LONDON—The 1956 painting Study for Portrait II by Francis Bacon (1909-92), from his “Pope” series of pictures influenced by a portrait from Diego Velázquez (1599-1660), Pope Innocent X, is expected to be a highlight of Christie’s London sale of postwar and contemporary art on Feb. 8.
The seller of the portrait, ARTnewsletter has learned, is Italian actress Sophia Loren. Her ownership is inextricably tied up with the fascinating but little-known collection of her late husband, Carlo Ponti, the producer of Doctor Zhivago and Blow Up, among other movies, who died just days after Christie’s announced the sale last month.
The portrait is one of several hundred lots of Impressionist, modern and contemporary art, estimated at a total of £400 million ($785 million), which will be offered next week at London auctions. Christie’s has described it as “the most important work from Bacon’s ‘Pope’ series to appear on the market.”
The Christie’s catalogue states that the painting was last shown in public in 1963 and last sold in the mid-1960s by Marlborough Fine Art, London (the gallery would not reveal the buyer’s identity). However, it actually was exhibited in 1983 at the Brera Art Gallery, Milan, in a display of works by Bacon and the German artist George Grosz.
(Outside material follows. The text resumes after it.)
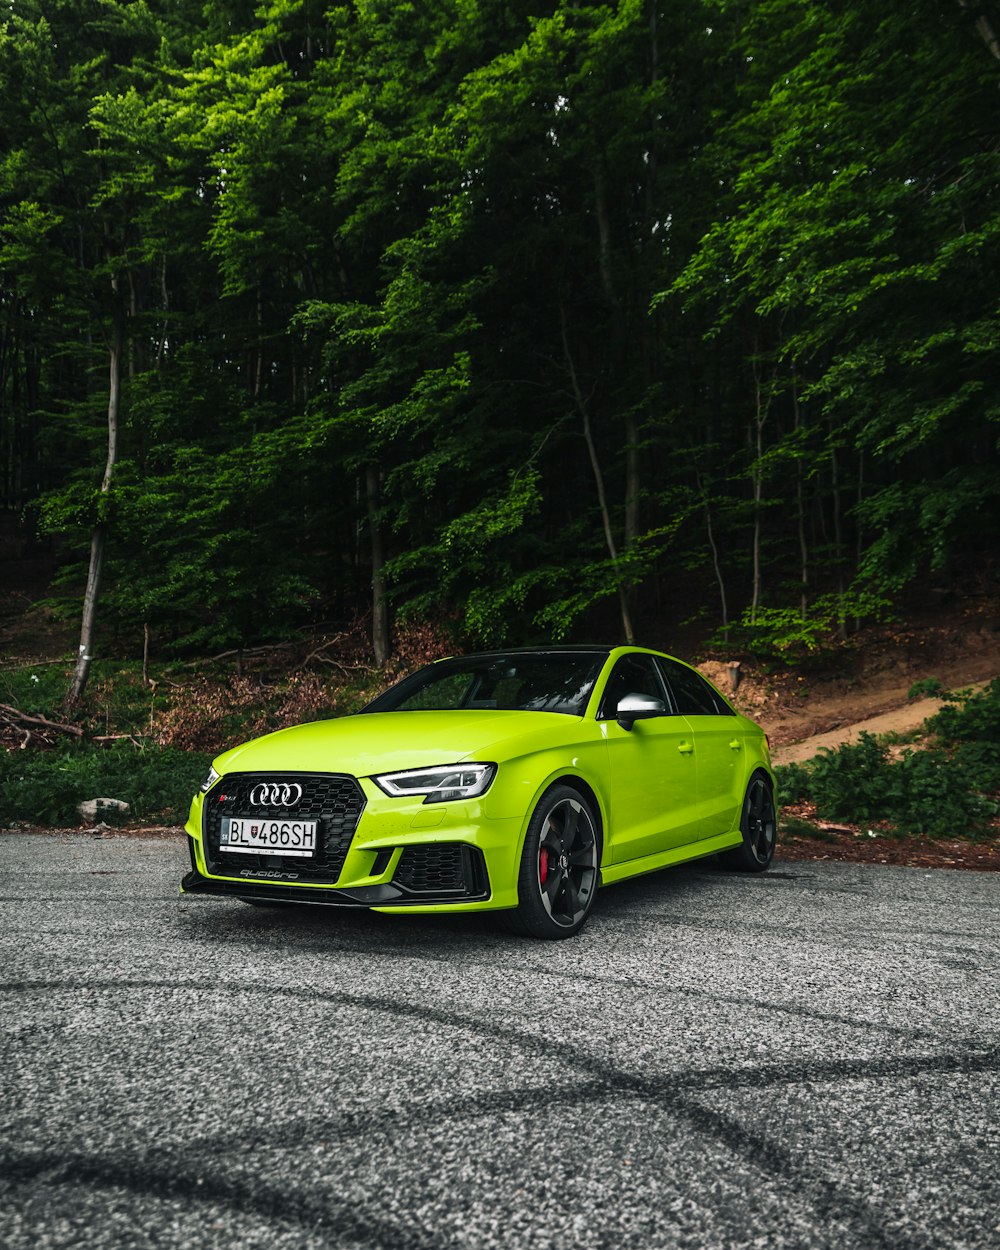 Audi coupé verde su strada durante il giorno
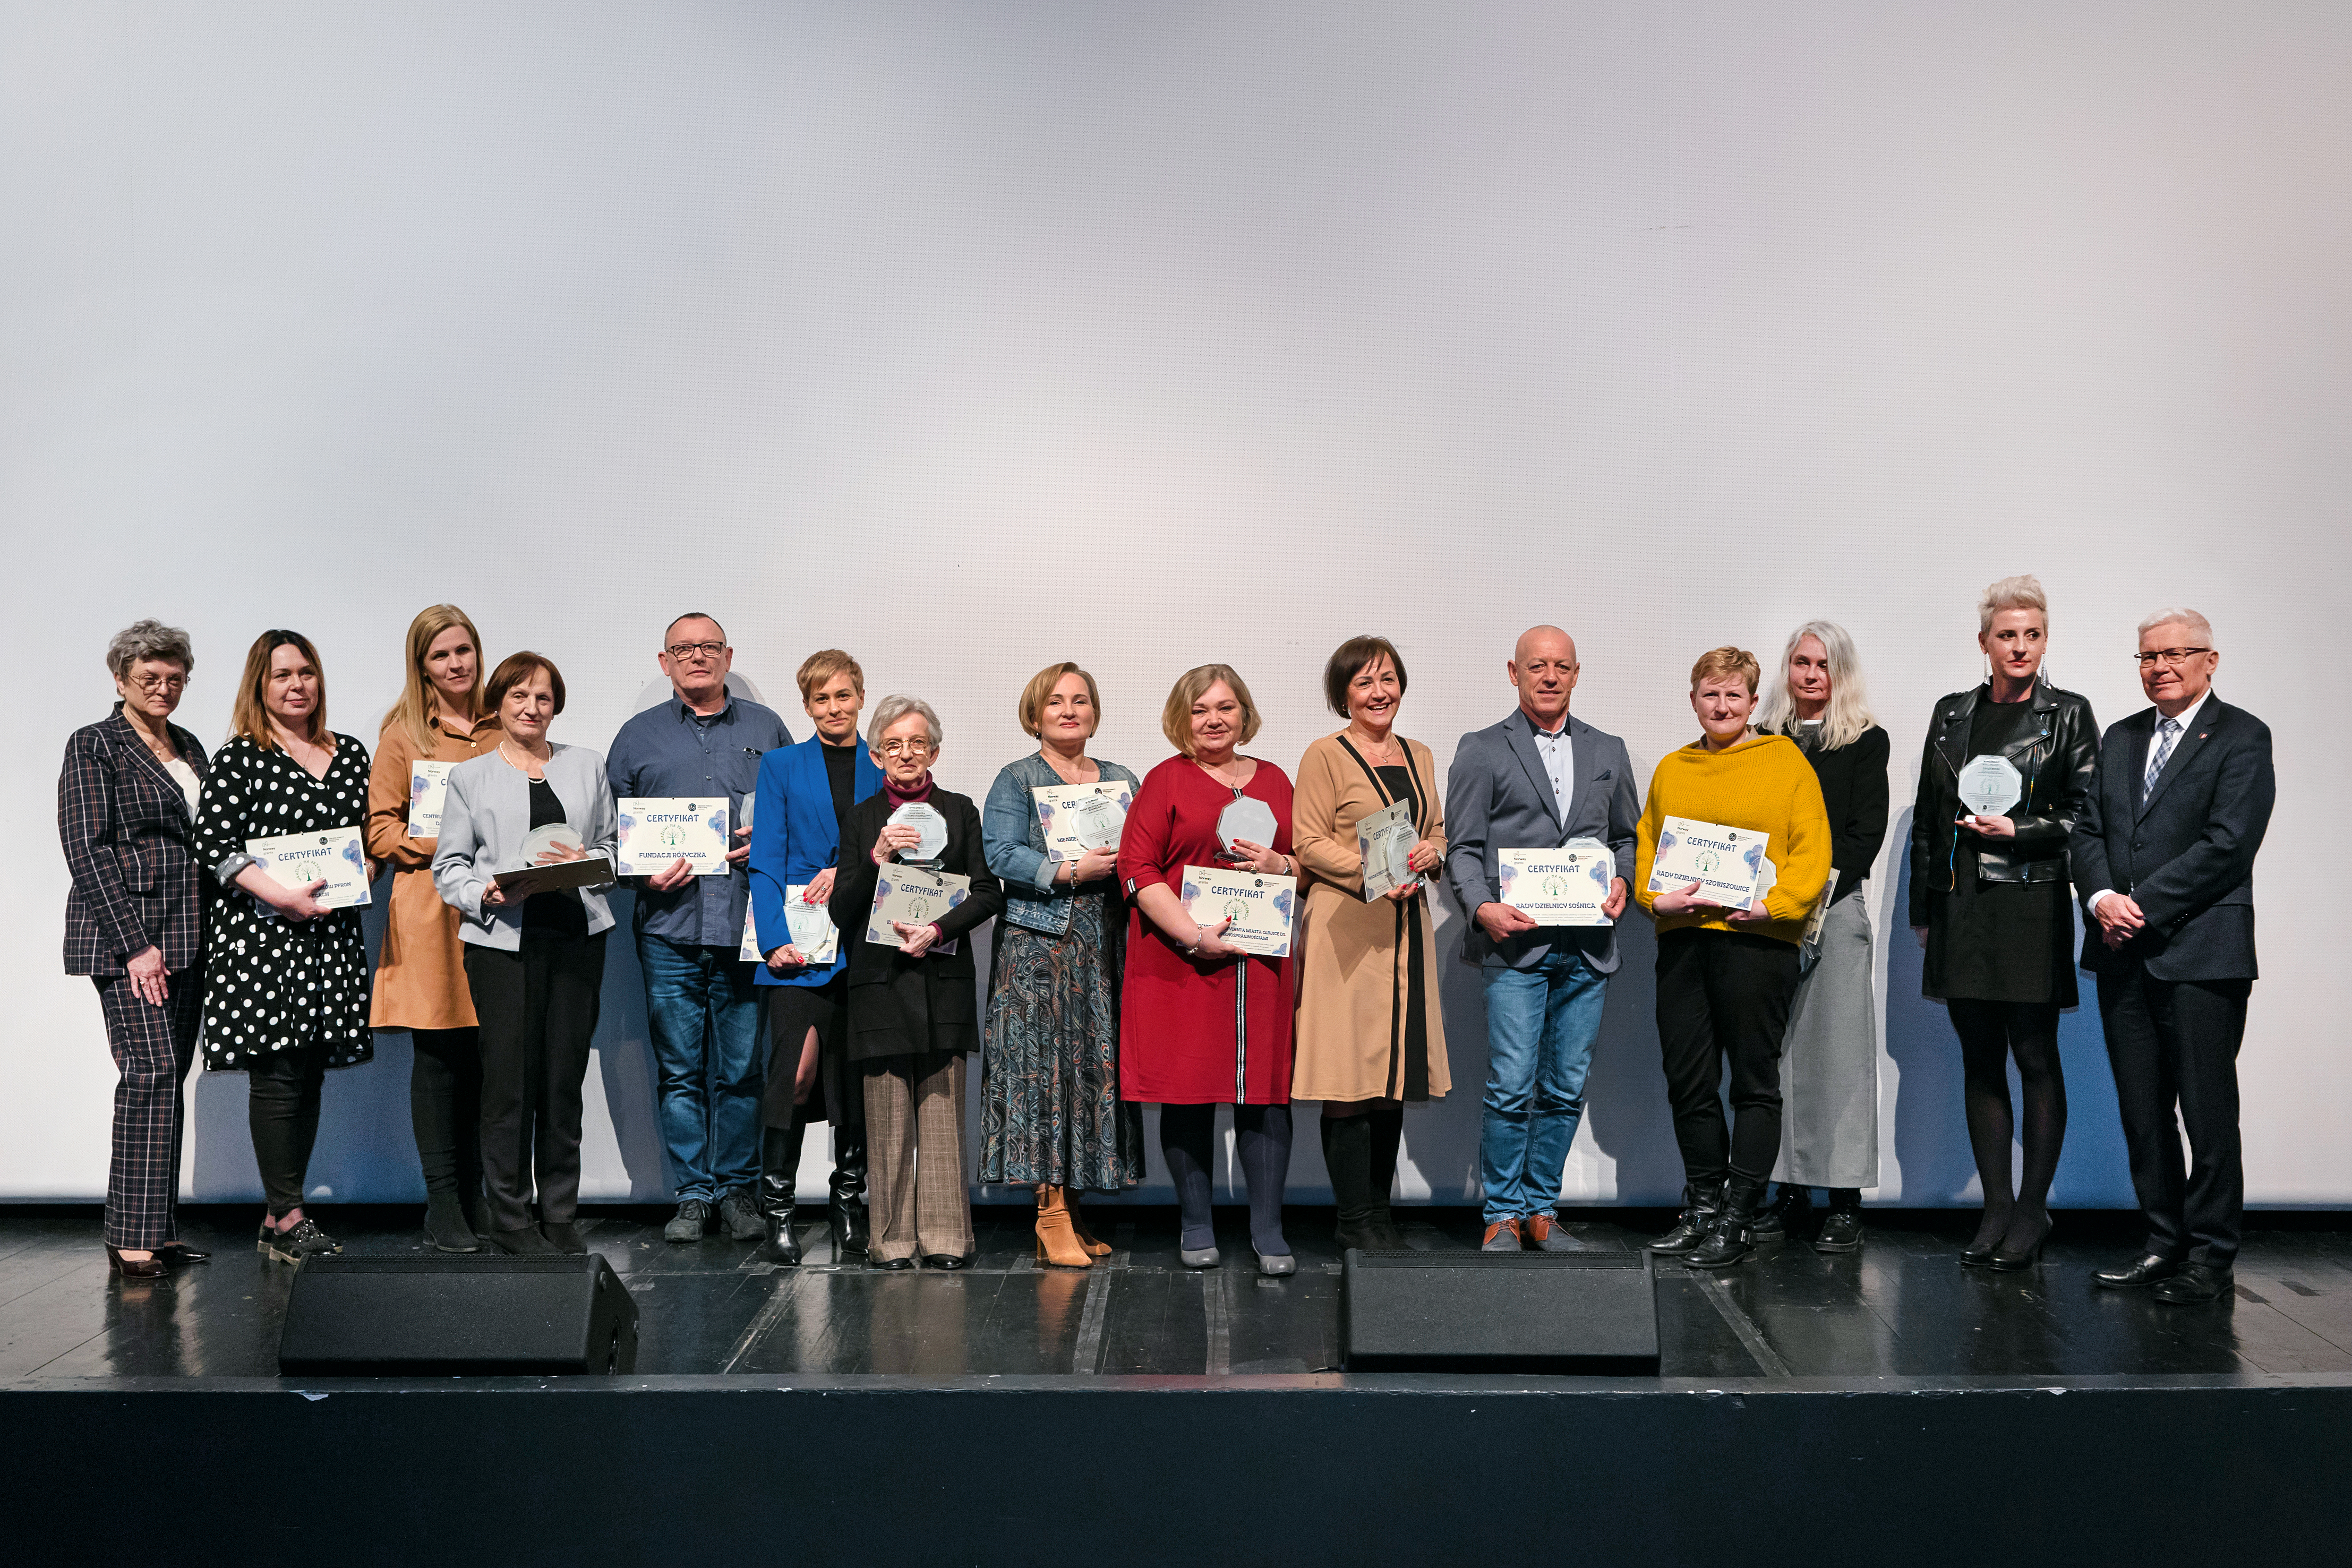 Osoby nagrodzone certyfikatem "Wrażliwi na przemoc" pozujący do zdjęcia z prezydentem Gliwic Adamem Neumannem

The show was not publicized as works from Ponti’s collection, but each catalogue entry contained a provenance note citing the “Ponti-Loren Collection.”
Moreover, it is a matter of record that during the 1980s, the Brera Art Gallery housed works from Ponti’s art collection, including ten Bacon paintings, after they had been confiscated by Italian authorities in 1981 following charges against Ponti of tax evasion and currency smuggling.
An Eclectic Trove
Ponti also owned works by Georges Braque, Canaletto, Giorgio de Chirico, Barbara Hepworth, Henry Moore and Pablo Picasso, but it was the Bacons for which his collection was renowned, mainly because he had so many.
They included examples from the artist’s early “[Vincent]van Gogh” series, triptychs, self-portraits and Pope paintings, which were rarely publicized or loaned for public exhibitions.
In 1990 Ponti reached a deal with the Italian government; he was cleared of the charges brought against him and regained possession of his art. At some point, say informed sources, the collection was then split between Ponti and Loren.
Over the years, several of the works have been sold privately. Last summer two paintings that previously had been in the Ponti collection were shown in a Bacon exhibition at the Gagosian Gallery, London. One, a vertical composition of four self-portraits, had already been sold to collector Steven Cohen, the U.S. hedge-fund manager who is on the ARTnews list of the world’s top ten art collectors.